Il profumo era centrale nella vita dell'antica Grecia. Era così popolare che il politico Solon ne vietò temporaneamente l'uso per prevenire una crisi economica. Era il centro dell'ospitalità, della ricchezza, dello status, della vita quotidiana e persino della filosofia. Era considerato erotico, mistico e spirituale. Era associato alla bellezza, che era inseparabile dalla divinità. Le origini del profumo e della profumeria sono intrecciate con la mitologia greca. Nella tradizione omerica, gli dei dell'Olimpo insegnavano alle persone la profumeria. Il colore e il profumo della rosa sono attribuiti ad eventi che coinvolgono Venere e Cupido.

Il profumo era indossato sia dagli uomini che dalle donne ed era centrale nel culto poiché era gradito agli dei e poteva ottenere il loro favore. Mascherava l'odore dei sacrifici durante le cerimonie e veniva utilizzato come buon auspicio per il matrimonio e la nascita. I bambini venivano unti con esso per una buona salute. Era anche centrale per la morte. Libagioni profumate venivano effettuate davanti al corteo funebre. I corpi venivano bruciati, avvolti in sudari profumati che si credeva assicurassero una felice vita ultraterrena. Altri corpi furono sepolti con contenitori contenenti esso, sempre come offerte agli dei.
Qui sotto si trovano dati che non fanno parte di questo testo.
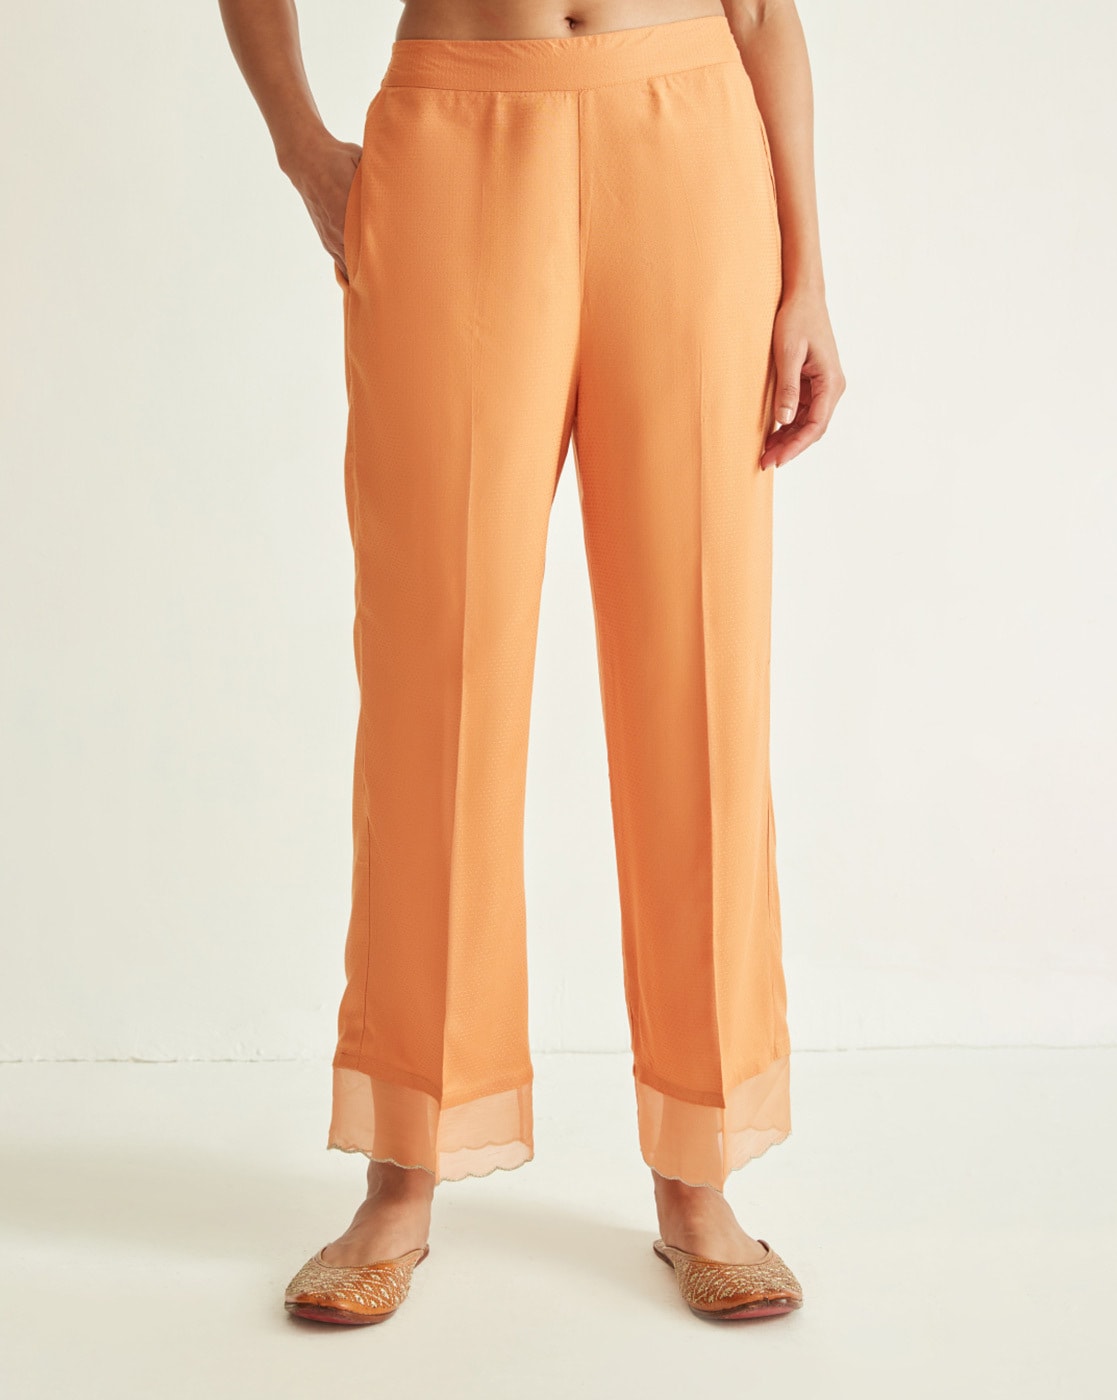 Mango Beige Trousers  Buy Mango Beige Trousers online in India

Anche il profumo era una parte essenziale della pulizia e veniva utilizzato sia dagli uomini che dalle donne negli elaborati rituali del bagno. Divenne così diffuso che il filosofo Socrate si oppose apertamente e ne rifiutò l'uso, sostenendo che rendeva un uomo libero indistinguibile da uno schiavo. Gli atleti usavano il profumo dopo l'allenamento per scopi medicinali sotto forma di balsami e oli unguenti. Questo è un primo riconoscimento delle sue possibili proprietà terapeutiche e curative, che ricorda l'atteggiamento nei confronti dell'aromaterapia e dell'aromacologia dei tempi moderni. L'ospitalità richiedeva anche abbondanza di profumo poiché i piedi degli ospiti venivano lavati e unti mentre sedevano. Alcuni vini venivano anche profumati sulla base delle opere di Appicio nella speranza che avessero proprietà medicinali.

Data l'evidente importanza del profumo, non sorprende che fosse conservato in bottiglie a forma di uccelli e animali, a volte grandi solo pochi centimetri. Molti furono realizzati intorno al VI secolo a.C. 4000 a.C. e sono conosciuti come plastica. Infatti, le boccette dei profumi sono in ceramica filata e solitamente assumevano una forma che rispecchiava il tipo di profumo che contenevano.

Lekuthos erano usate per i profumi liquidi ed erano sottili ed eleganti bottiglie di vetro. Le aryballes venivano usate per oli e unguenti. Le bottiglie di profumo Alabastron erano molto apprezzate, soprattutto dalle donne, ed era comune per gli artigiani marchiarle sulle bottiglie per indicare la loro maestria, rendendole ancora più collezionabili. Come puoi vedere, ci sono molte somiglianze con l'atteggiamento moderno nei confronti del profumo.